Assignment - Repeat exactly the lines of the material below that run from the "50 Button headed" line to the "Support device for" line, including both, and do not carry over any pictures.

==== Task data

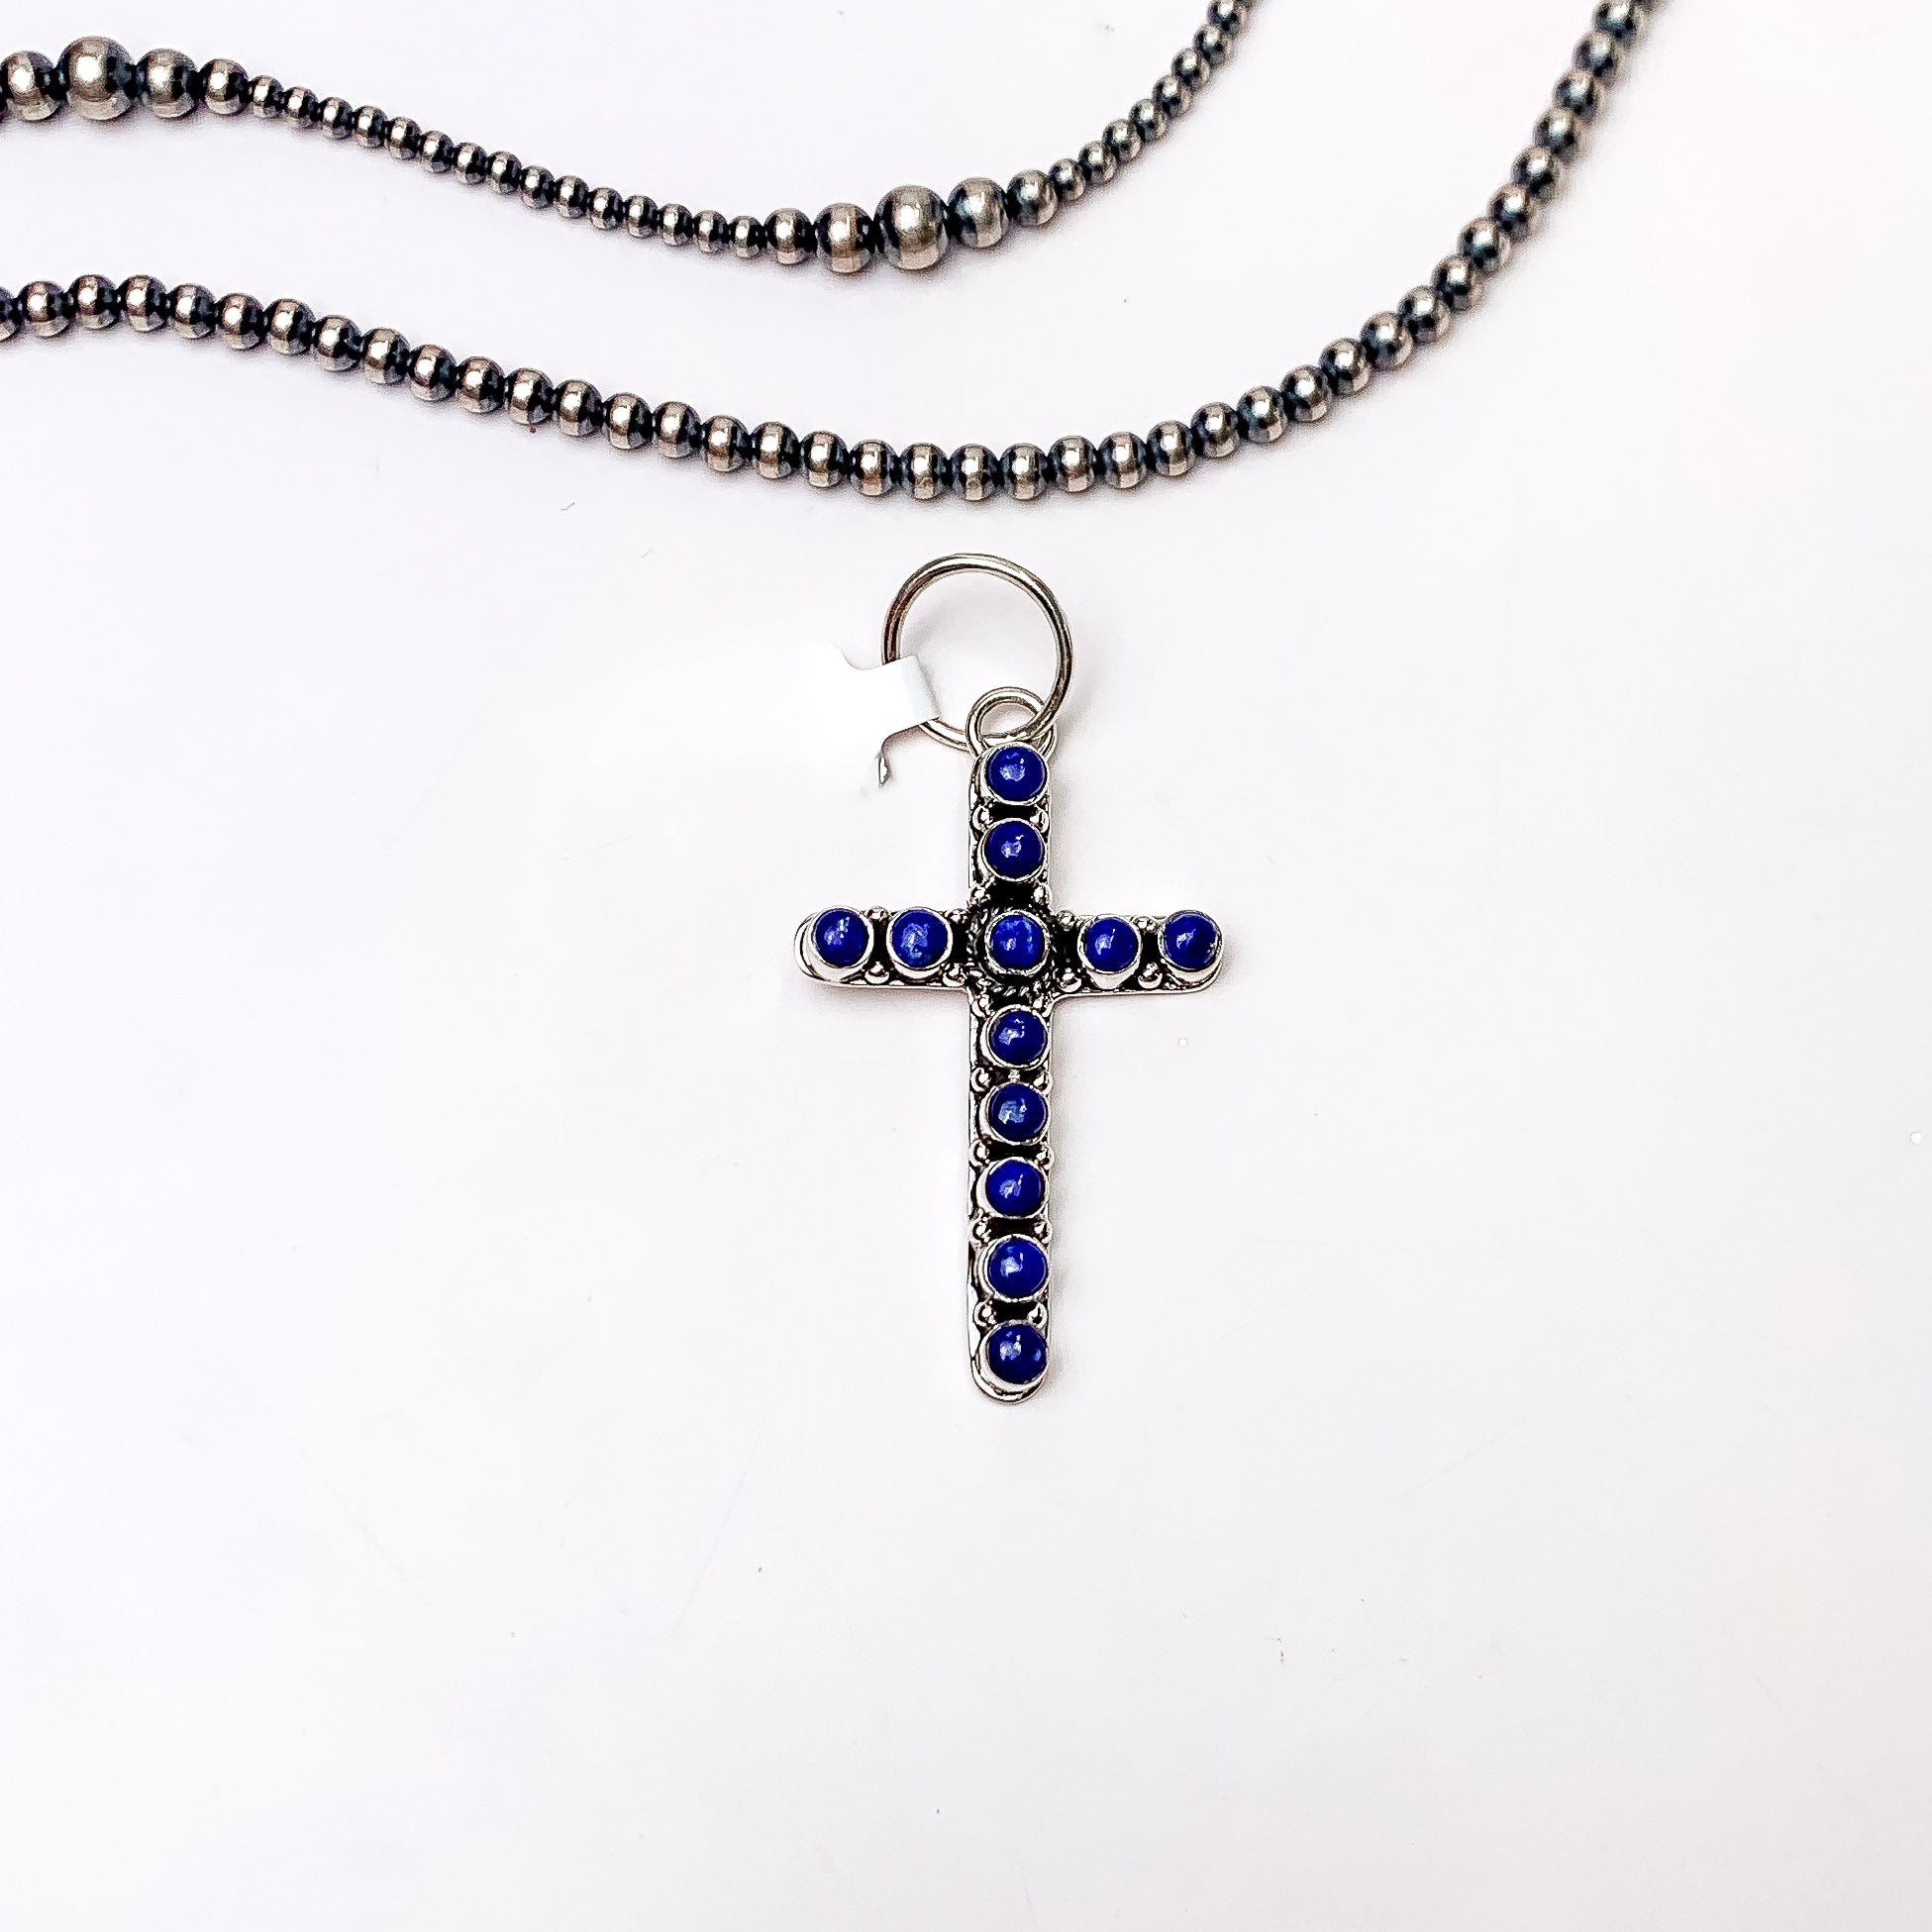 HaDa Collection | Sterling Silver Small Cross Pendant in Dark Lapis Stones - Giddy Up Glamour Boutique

========
==== Task data

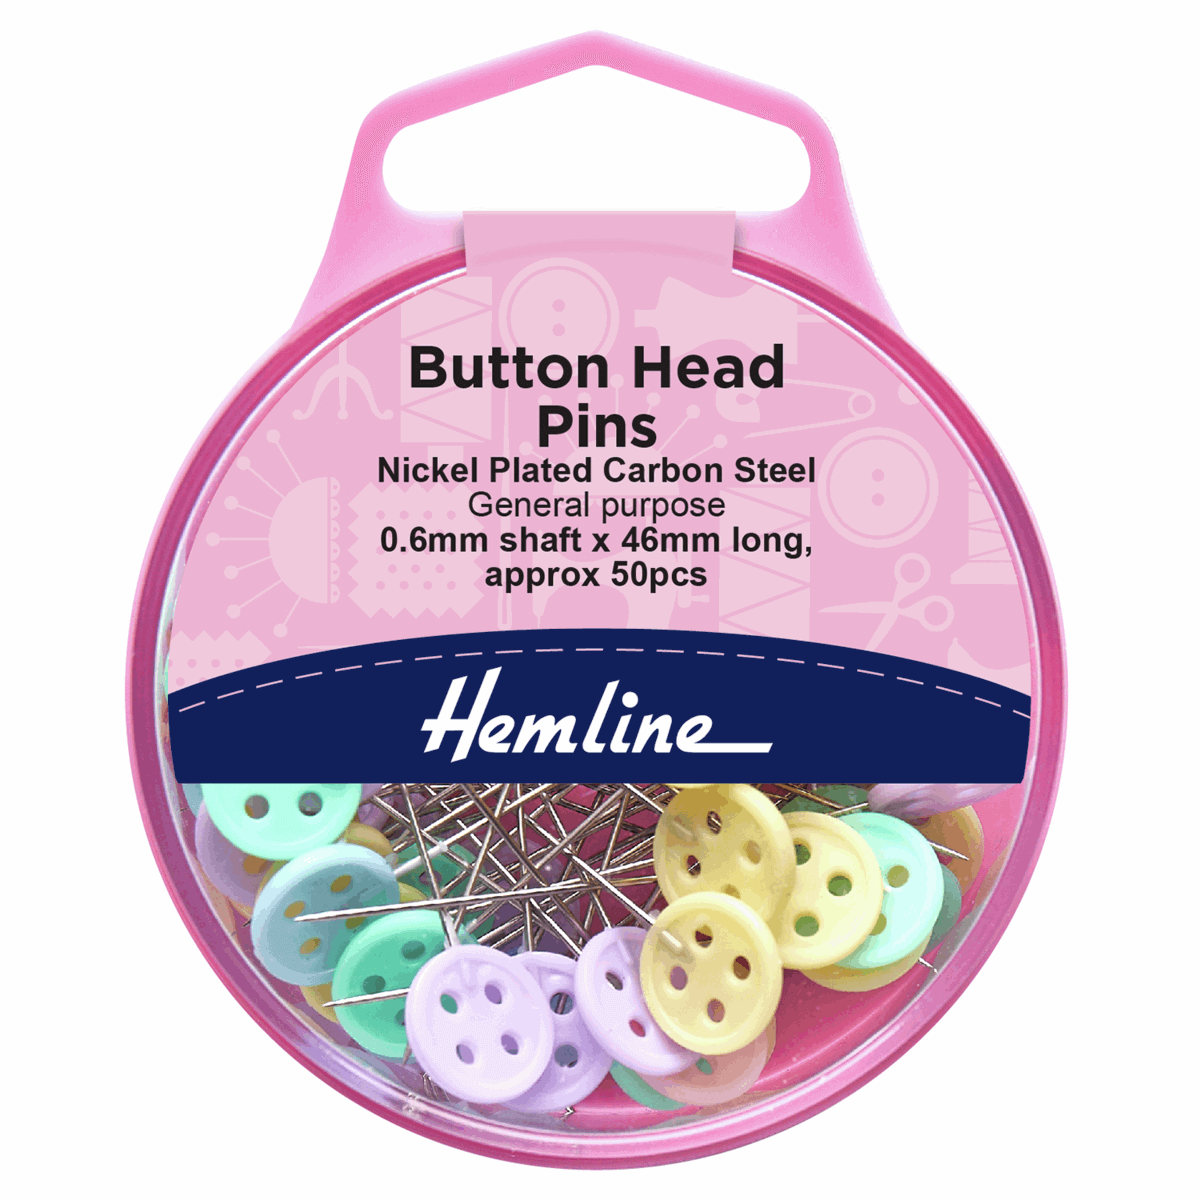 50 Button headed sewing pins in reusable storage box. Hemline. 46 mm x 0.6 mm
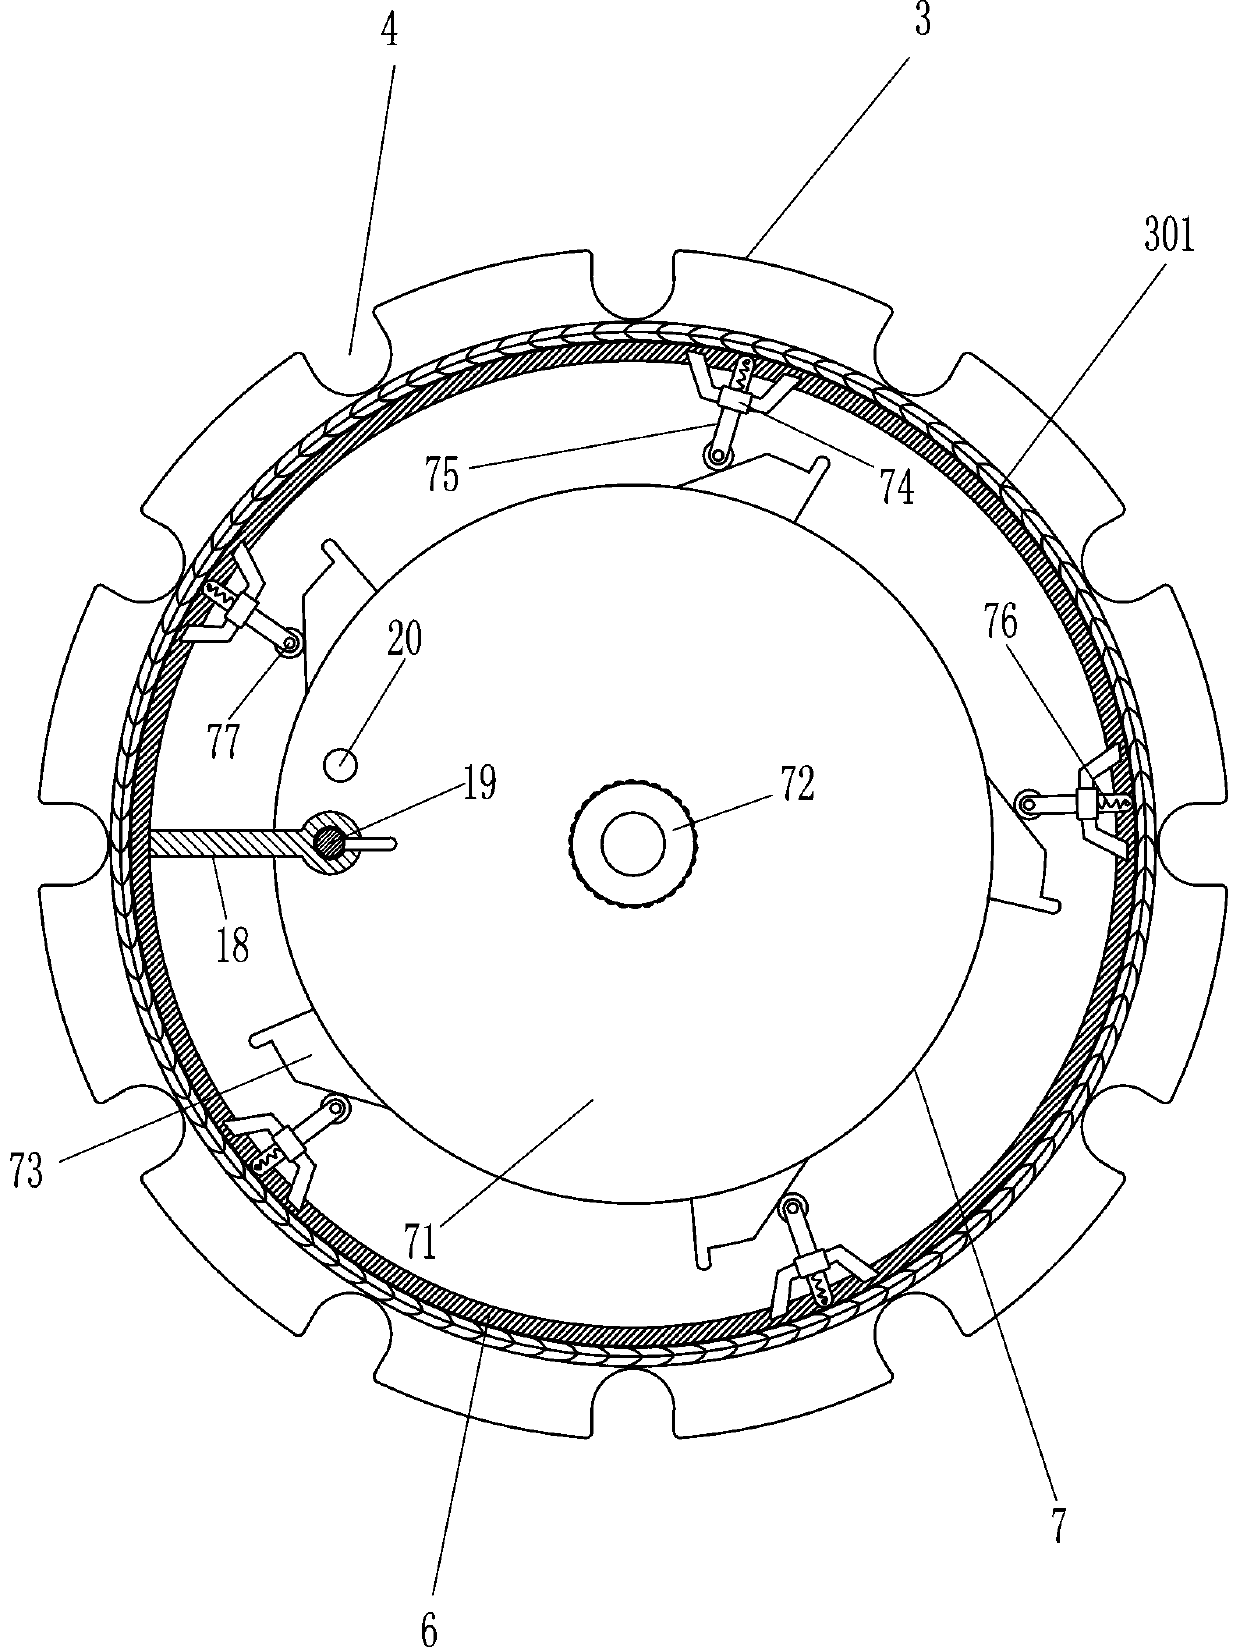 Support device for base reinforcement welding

========

Finished exercise -
 50 Button headed sewing pins in reusable storage box. Hemline. 46 mm x 0.6 mm
 Support device for base reinforcement welding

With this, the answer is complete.